AOTInductor compiles the exported model into an optimized `.pt2` package with
fused kernels. ExTorch loads these via `AOTIModelPackageLoader` in libtorch:

```python
# Python: compile and package
from torch._inductor import aoti_compile_and_package
exported = torch.export.export(model, (example_input,))
aoti_compile_and_package(exported, package_path="model_compiled.pt2")
```

```elixir
# Elixir: load and run
model = ExTorch.AOTI.load("model_compiled.pt2")
[output] = ExTorch.AOTI.forward(model, [input])
```

AOTI models trade flexibility for throughput -- no introspection or weight
extraction, but benefit from kernel fusion optimizations.

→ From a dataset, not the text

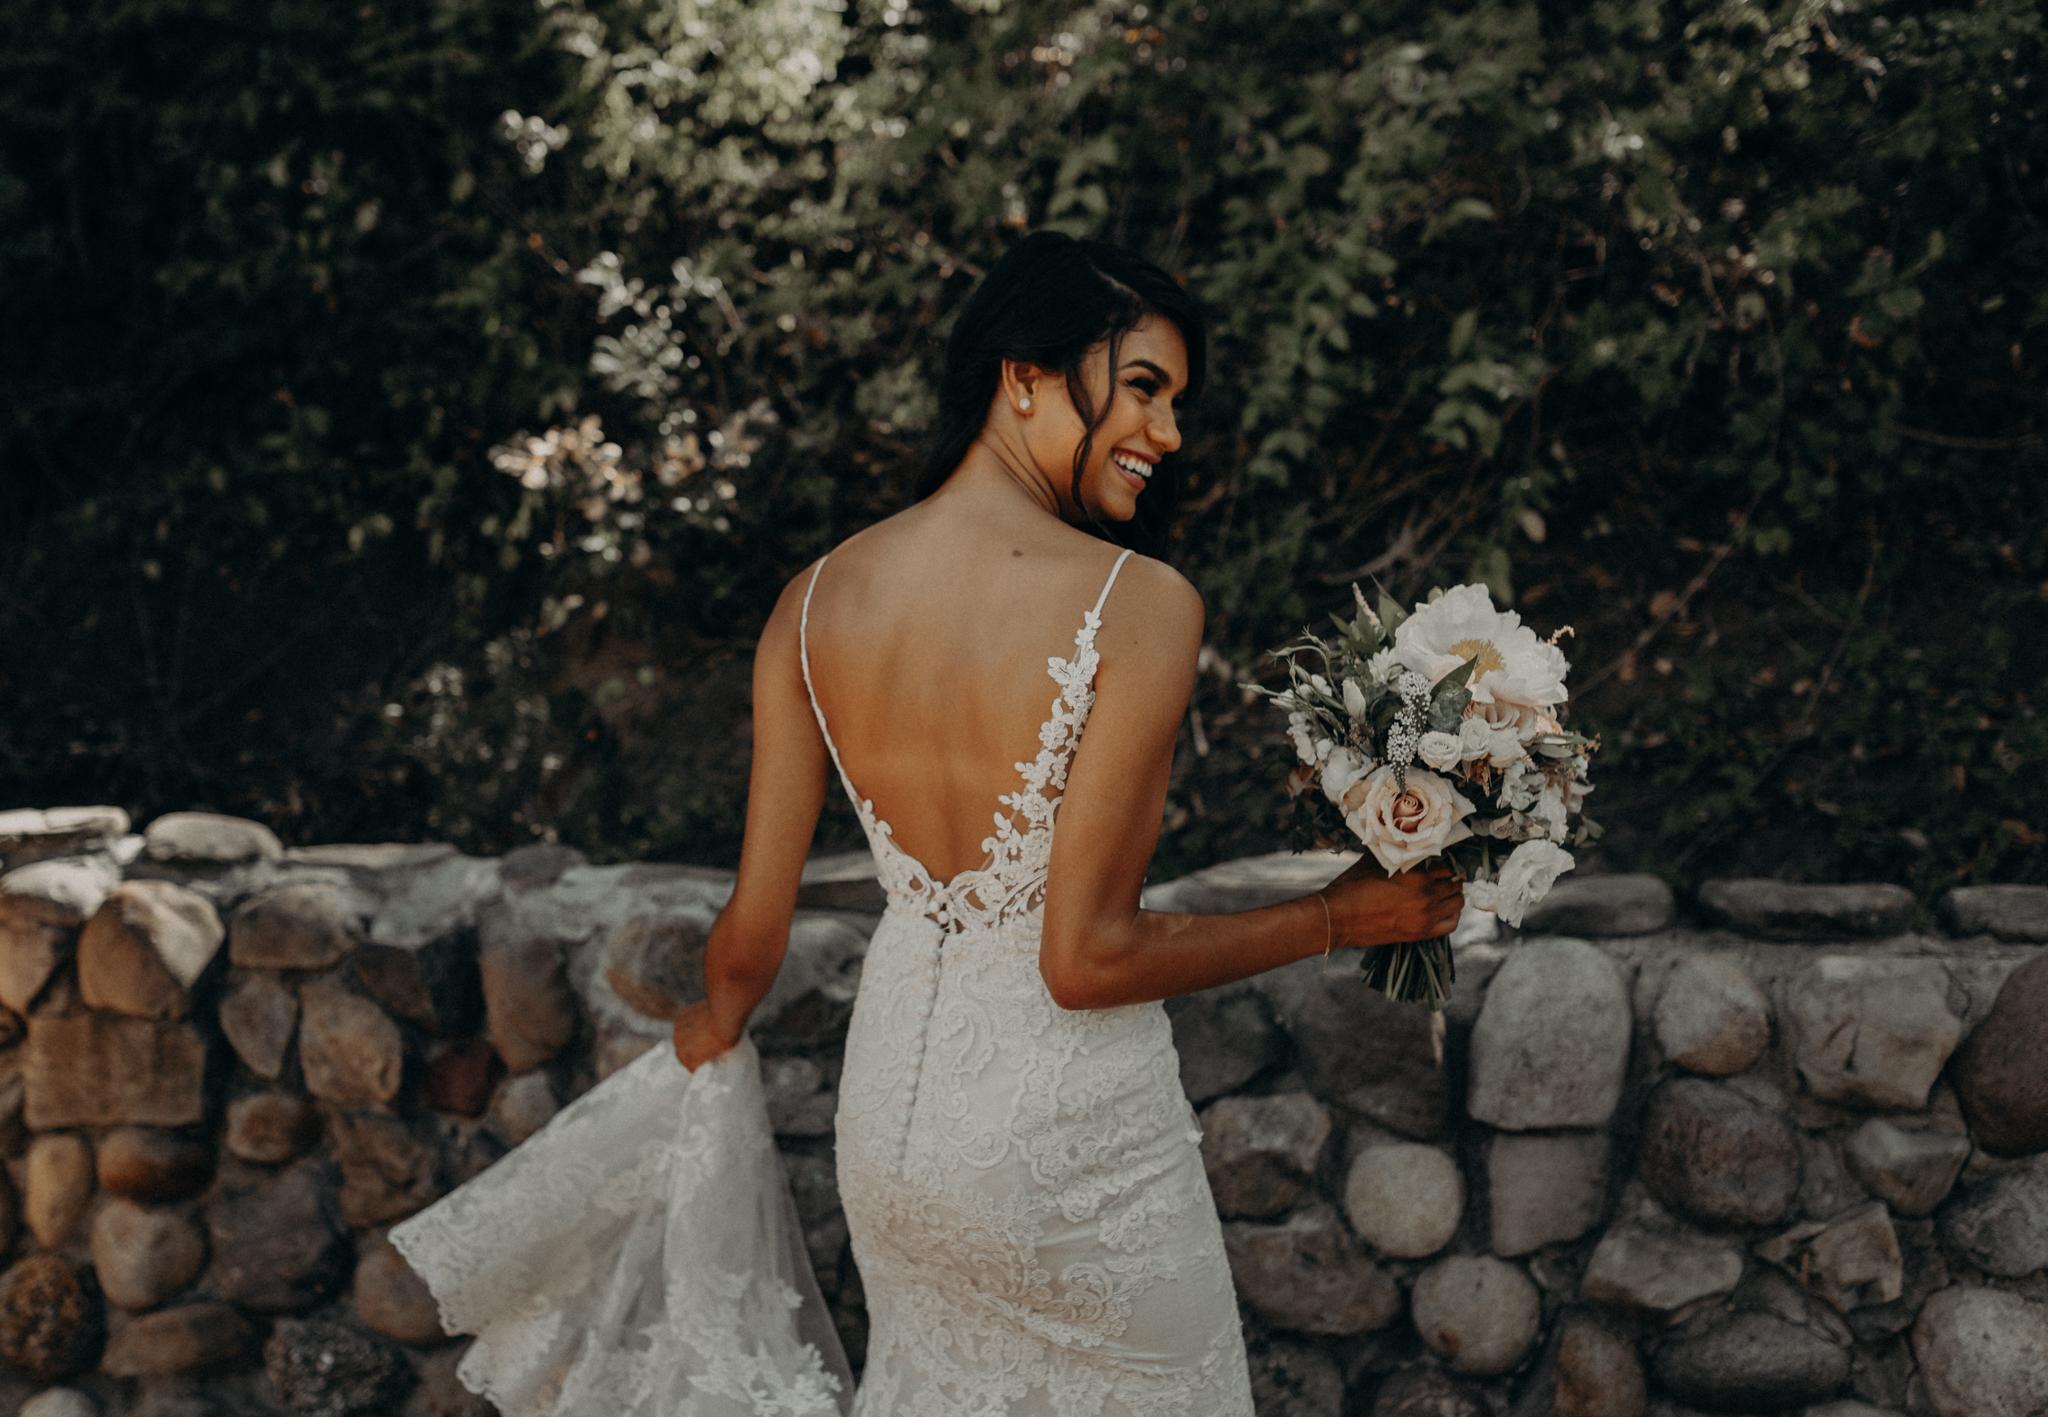 Isaiah + Taylor Photography - Rancho Las Lomas Wedding, Los Angeles Wedding Photographer-030.jpg

Use
`ExTorch.AOTI.Server` for production serving with telemetry.

Check availability: `ExTorch.AOTI.available?()`.

### Path 3: Convert to TorchScript (legacy)

For full JIT introspection, DSL generation, and `from_jit`/`load_weights`
support, you can convert an ExportedProgram to TorchScript:

```python
exported = torch.export.export(model, (example_input,))
jit_model = torch.jit.trace(exported.module(), (example_input,))
torch.jit.save(jit_model, "model.pt")
```

Note that `torch.jit` is in maintenance mode. Prefer Path 1 or 2 for new work.

## CUDA serving

```elixir
# Load on GPU
{:ok, _} = ExTorch.JIT.Server.start_link(
  path: "model.pt",
  device: {:cuda, 0},
  name: GPUModel
)

# Input tensors can be on CPU -- libtorch handles the transfer
# For best performance, pre-transfer inputs:
gpu_input = ExTorch.Tensor.to(input, device: {:cuda, 0})
output = ExTorch.JIT.Server.predict(GPUModel, [gpu_input])
```

## Telemetry events

Every `predict` call emits telemetry events that you can attach to:

```elixir
:telemetry.attach("my-logger", [:extorch, :jit, :forward, :stop], fn _event, measurements, metadata, _config ->
  duration_ms = System.convert_time_unit(measurements.duration, :native, :microsecond) / 1000
  IO.puts("#{metadata.path}: #{duration_ms}ms (#{metadata.input_count} inputs)")
end, nil)
```

See the [Observability guide](observability.md) for the full metrics and dashboard setup.